I have not been to a ballet since I took my daughter to a performance of The Nutcracker some thirty years ago, so it was with some trepidation that I accepted the assignment to review the Festival Ballet's performance of THE WIDOW'S BROOM, based on the story by Chris van Allsburg. I was afraid I would be first bored to death and then unable to write a coherent review. I could not have been more wrong about my first fear-let's see how I do with the second.

This production was staged at Veterans Auditorim. The Saturday evening performance drew an intimate crowd with a substantial children's contingent; I was surprised but should probably not have been since THE WIDOW'S BROOM is a children's book. I looked at my program and was pleased to see that Eugene Lee, he of Trinity Rep and Saturday Night Live fame, was the set designer. I also found the brief synopsis of the story, without which I would scarcely have been able to follow the plot. Ballet, it turns out, is a completely non-verbal form of entertainment and communication. What is the poor word guy to do?
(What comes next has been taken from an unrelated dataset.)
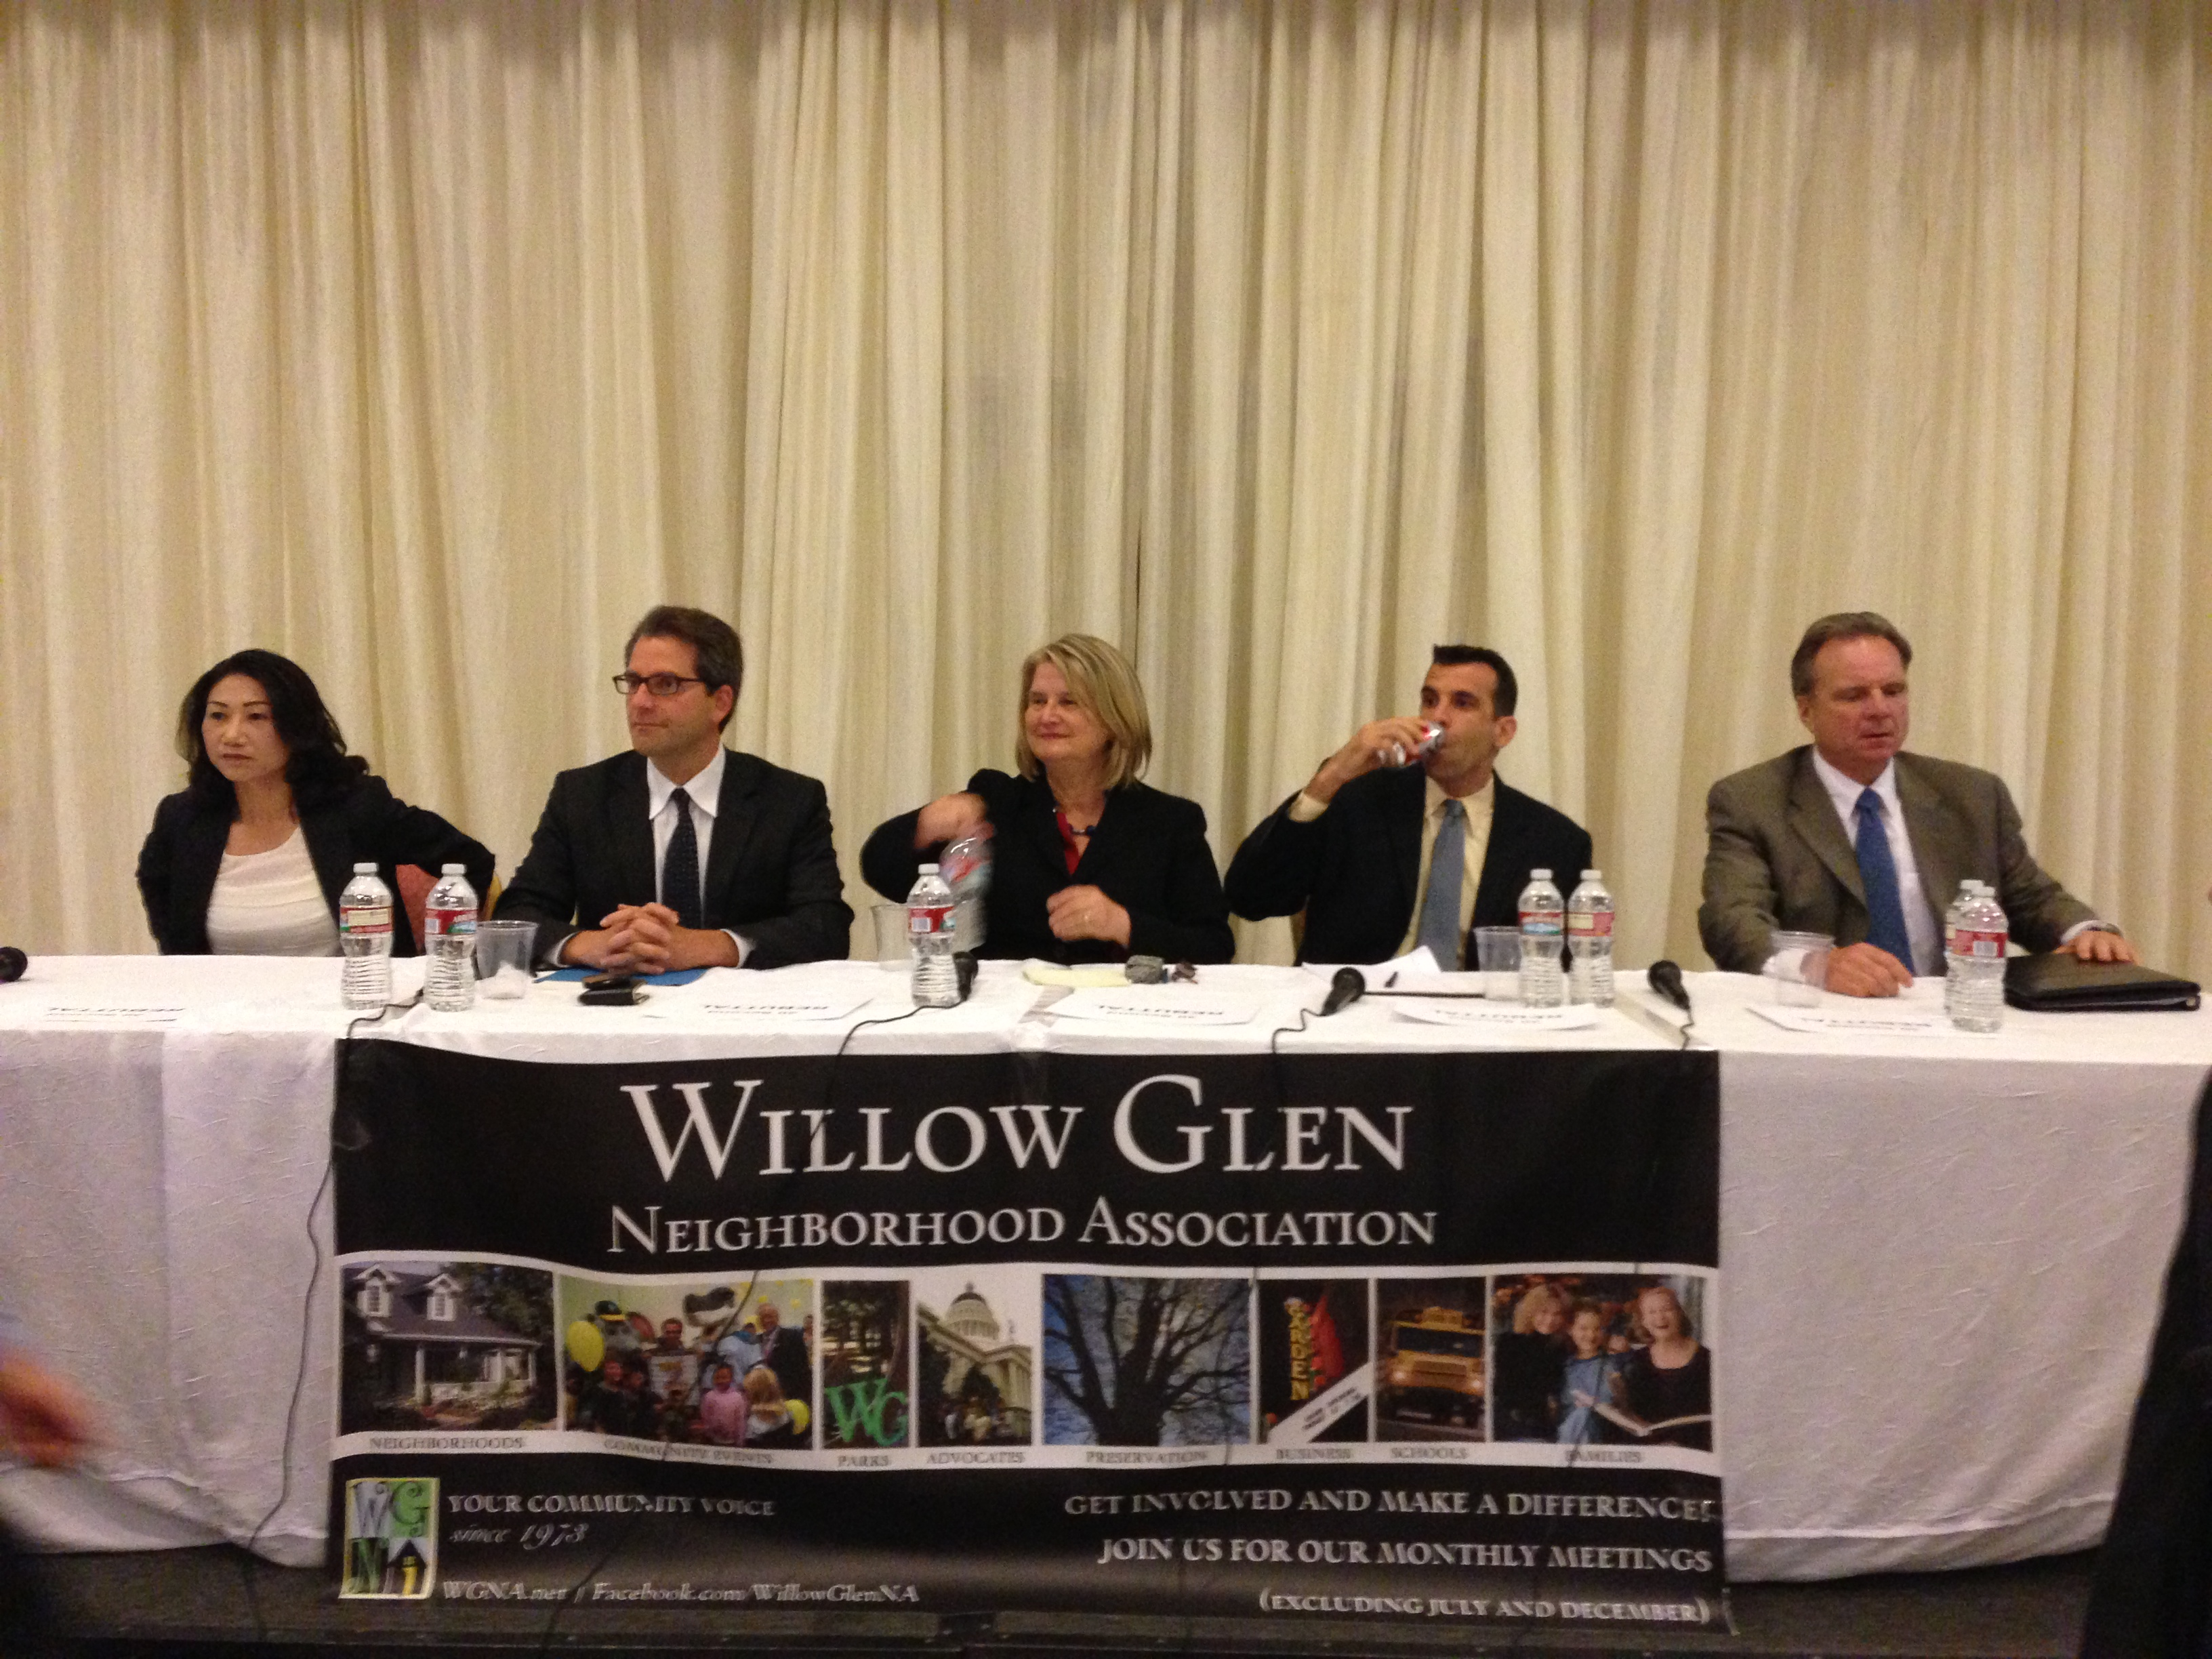 Candidates for San Jose Mayor, from left to right: Madison Nguyen, Pierluigi Oliverio, Rose Herrera, Sam Liccardo, and Santa Clara Supervisor Dave Cortese. (Cy Musiker/KWQED)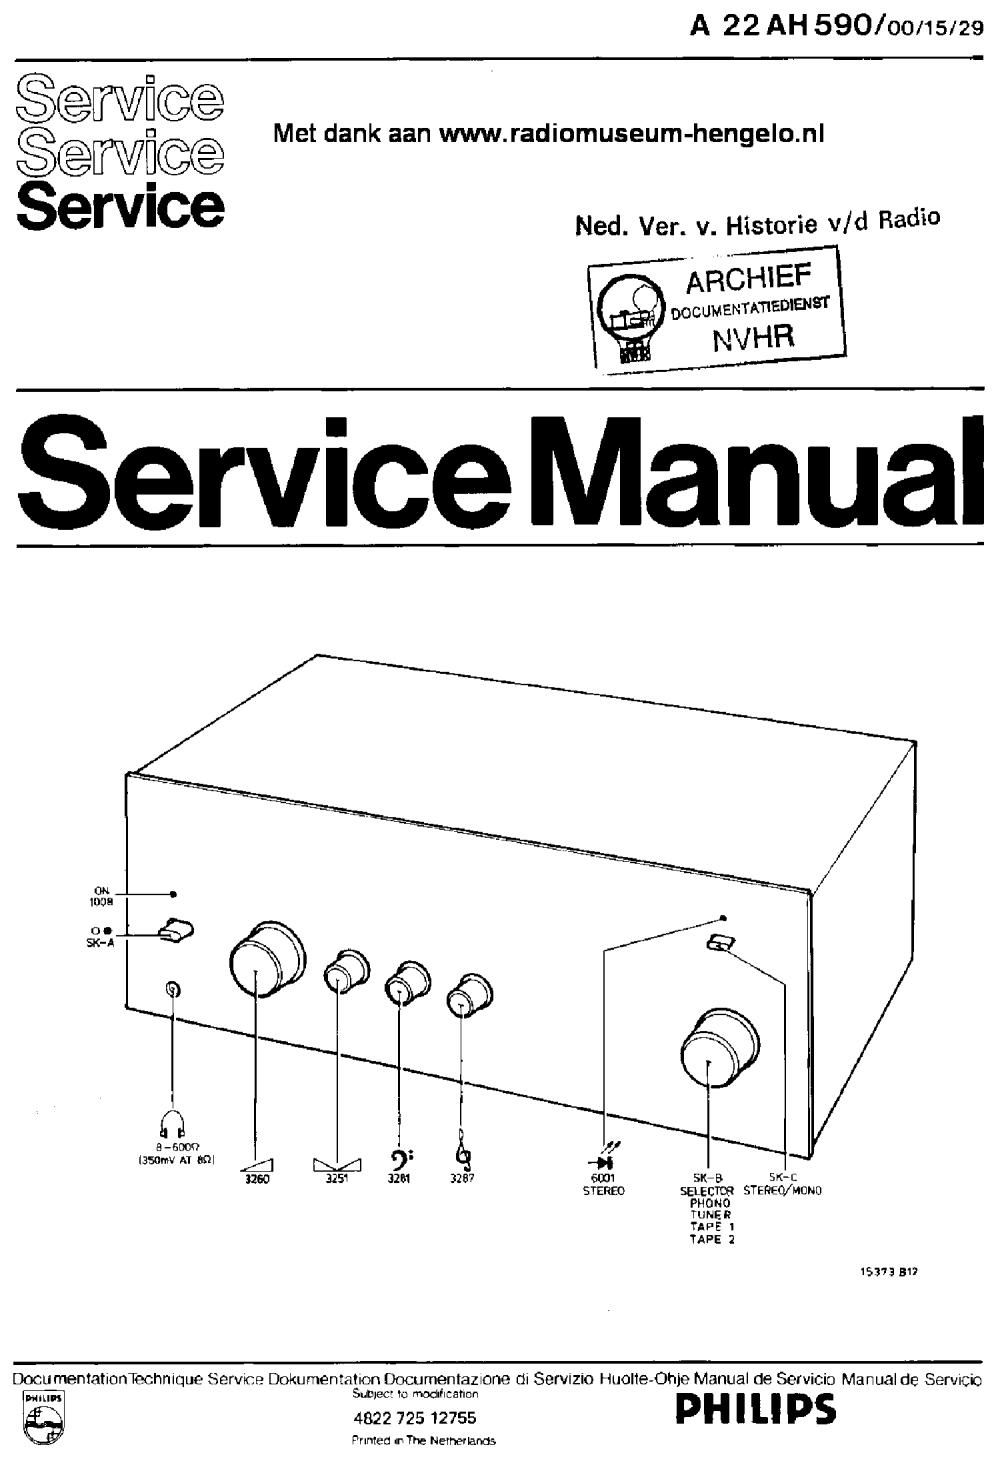 medium resolution of renault radiosat 6000 wiring diagram manual e books mercury wiring diagrams renault radiosat 6000 wiring diagram

It turns out, there was no need for alarm: in ninety minutes The Festival Ballet cast a spell that still lingers two weeks later (sorry for the delay-unavoidable). Let's start with the set by Lee and lighting by Alicia Colantonio. The show opens with the widow (danced by Kirsten Evans that night-different casts for the two performances) and her son (Kailee Felix) in a tableau in their home of an evening, but obscured by a gauze screen framed by solid edge. The effect was to create a life -sized book cover, which then opened and invited us in. It was a lovely effect and the first of many. When dancers needed to move unseen across the floor, they hid behind rolling cabin walls. And when the action called for a night sky, Lee and Colantonio collaborated on a bright orange moon and what seemed like as many stars as there are in the sky-memorable and beautiful.

But how about the dancing? This show had me from the get-go. Choreographer Victor Plotnikov's opening sequence is very tight dancing coven-a dozen or so witches who seem to come almost out of the ground before thy take flight in support of the head witch, Pingrel (Eugenia Zinovieva). To my inexpert eye, the next most engaging dances were the fire-dancing flames created by Brenna DiFranceso and David DuBois. As good as that was, it could only hold a candle to the longer, hotter pas de deux performed by the Widow and the Broom (Alex Lantz). Theirs was the type of grace and strength, which gives ballet its rep. These two danced beautifully, but I have really no basis for comparison. All I can tell you is these people can dance, it would be hard to imagine people more graceful, and that the whole evening flew by.

The Festival Ballet alternates among three venues-The Vets, PPAC for The Nutcracker, and its own Black Box theatre on Hope St. in Providence. Tickets can be obtained by calling the different venues or at festivalballetprovidenceprovidence.org. Festival Ballet is celebrating its fortieth year; isn't it time you gave them a shot?